▸ **Prompt**:
Take nothing but the lines from the one with "Rochie bleu ciel" through the one with "Air Jordan 4" in the entries below, both ends kept, and return them exactly with pictures left out.

▸ **Data records**:
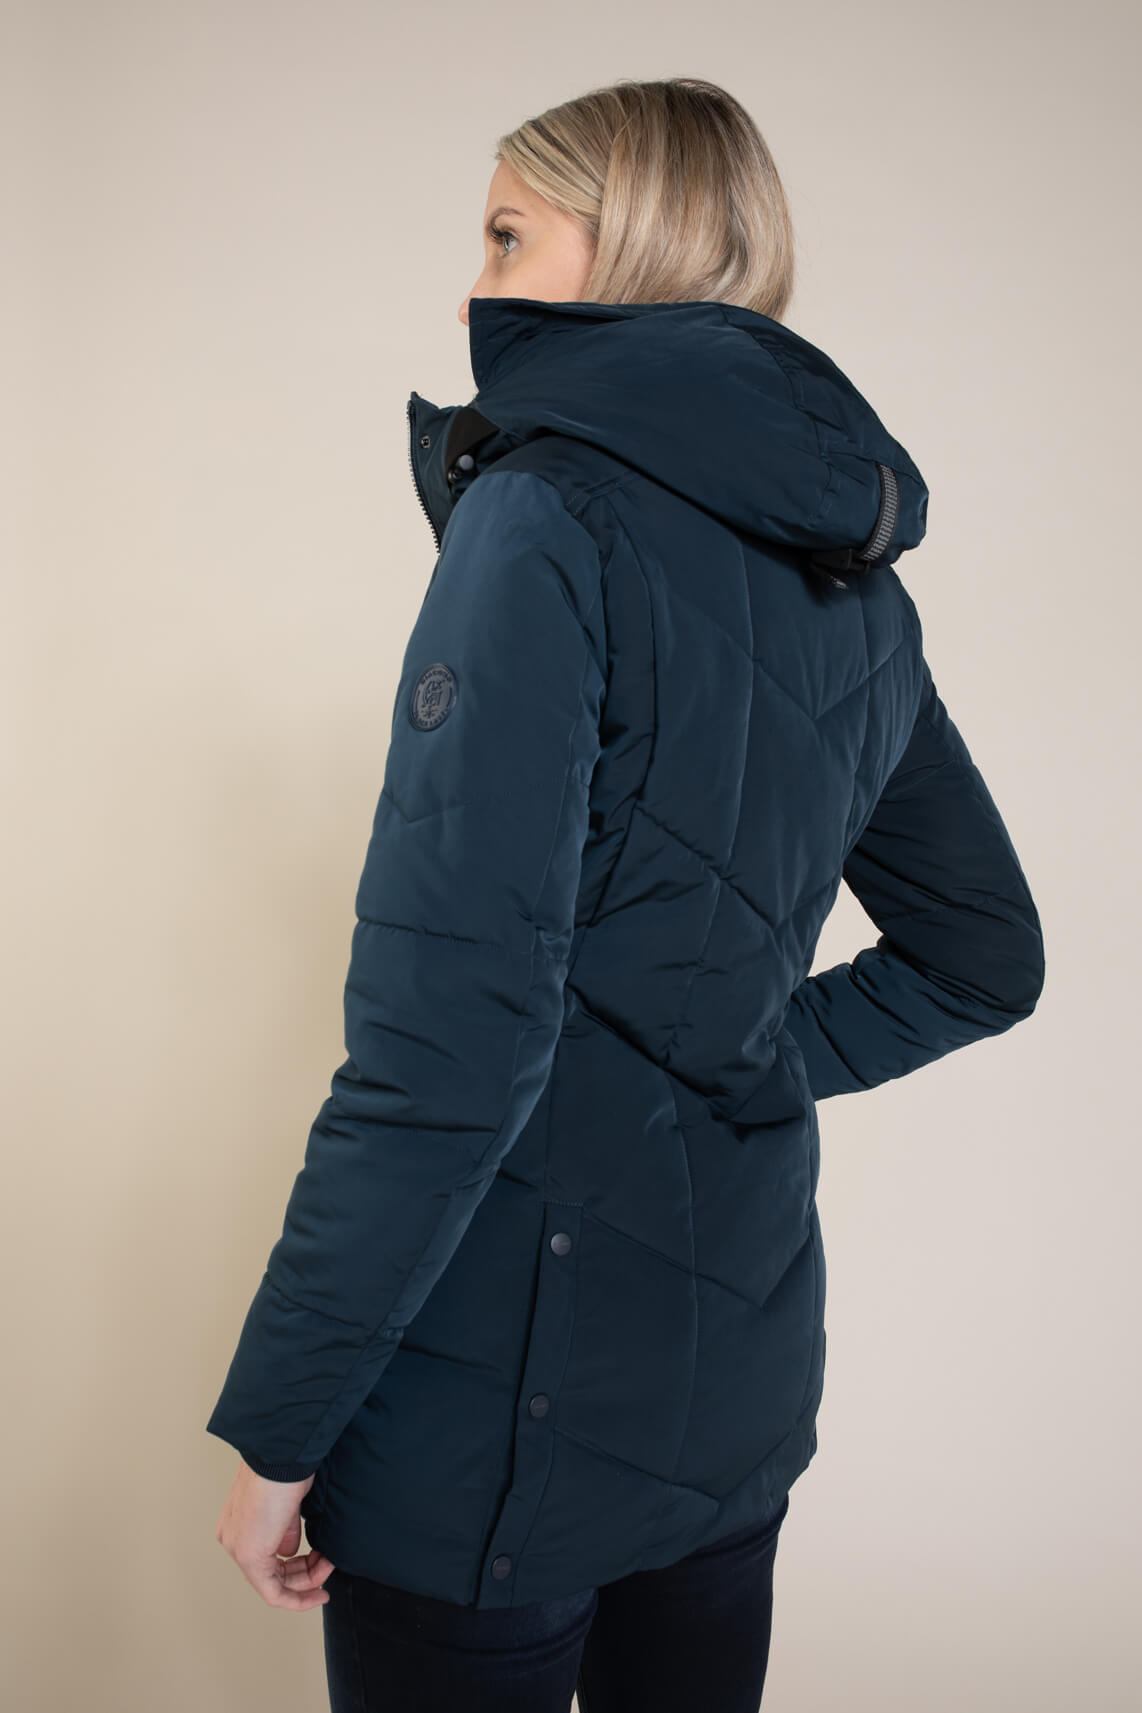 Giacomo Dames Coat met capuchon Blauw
* * *
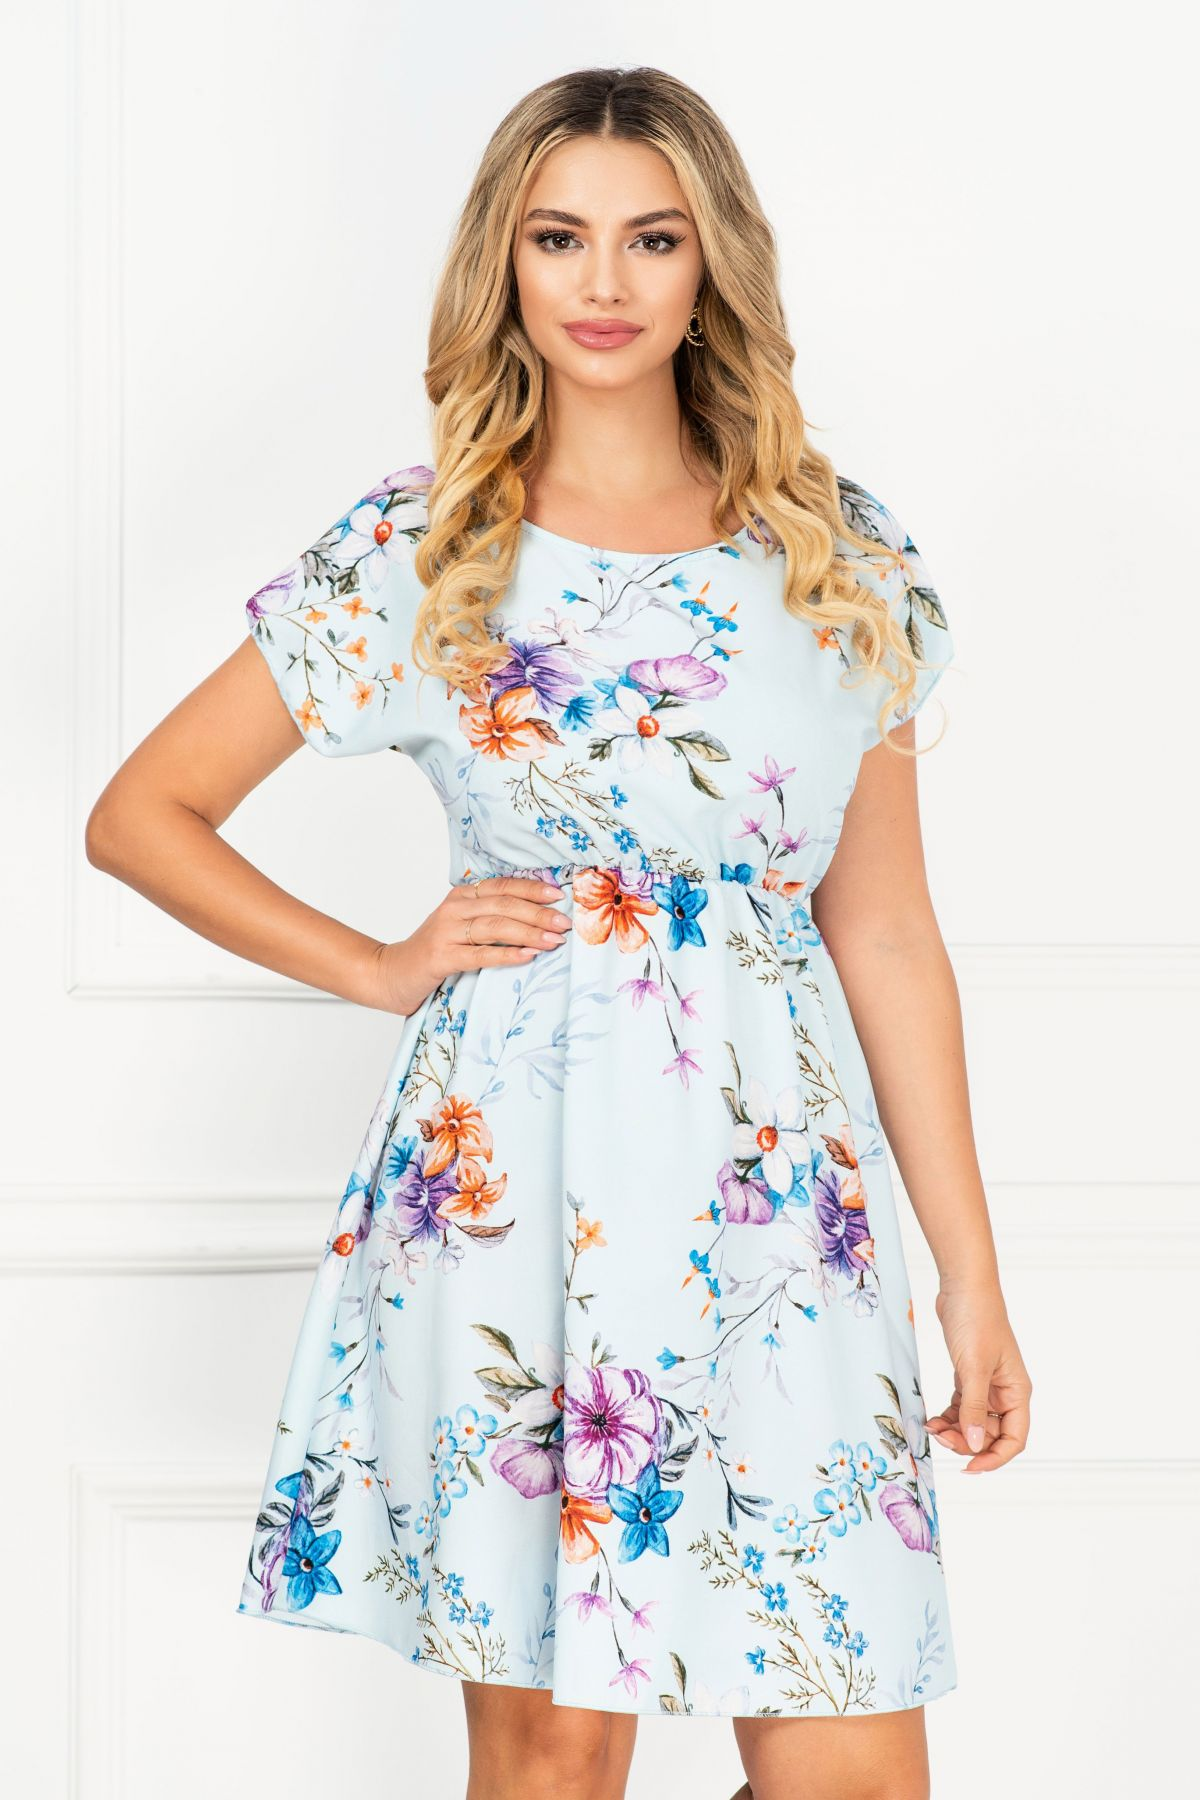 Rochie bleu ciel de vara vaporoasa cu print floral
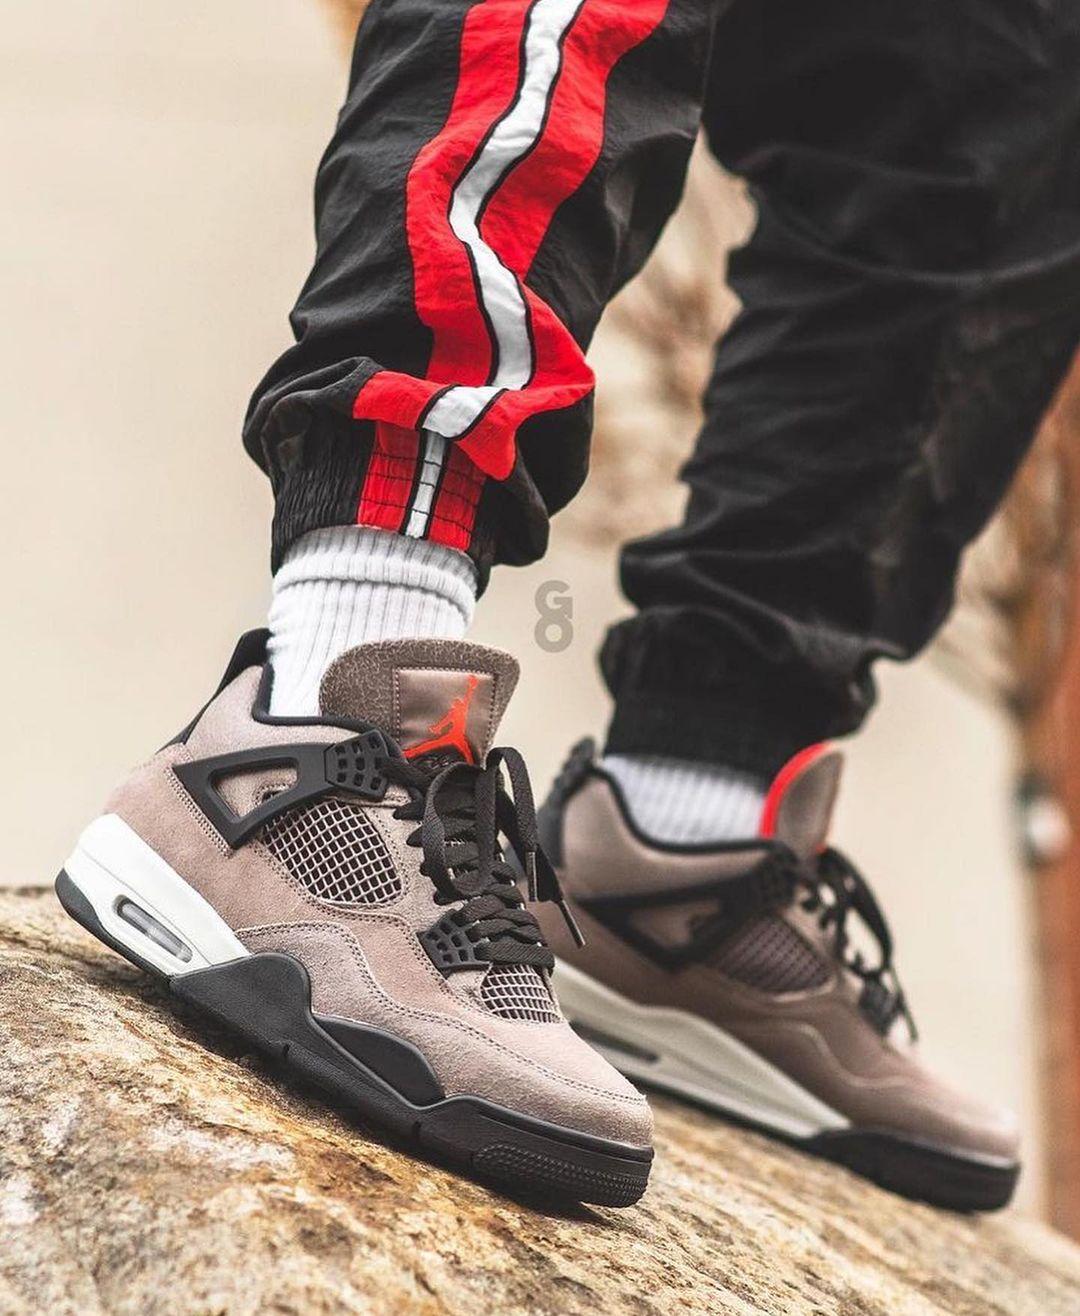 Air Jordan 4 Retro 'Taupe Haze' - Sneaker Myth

▸ **Result for this task**:
 Rochie bleu ciel de vara vaporoasa cu print floral
 Air Jordan 4 Retro 'Taupe Haze' - Sneaker Myth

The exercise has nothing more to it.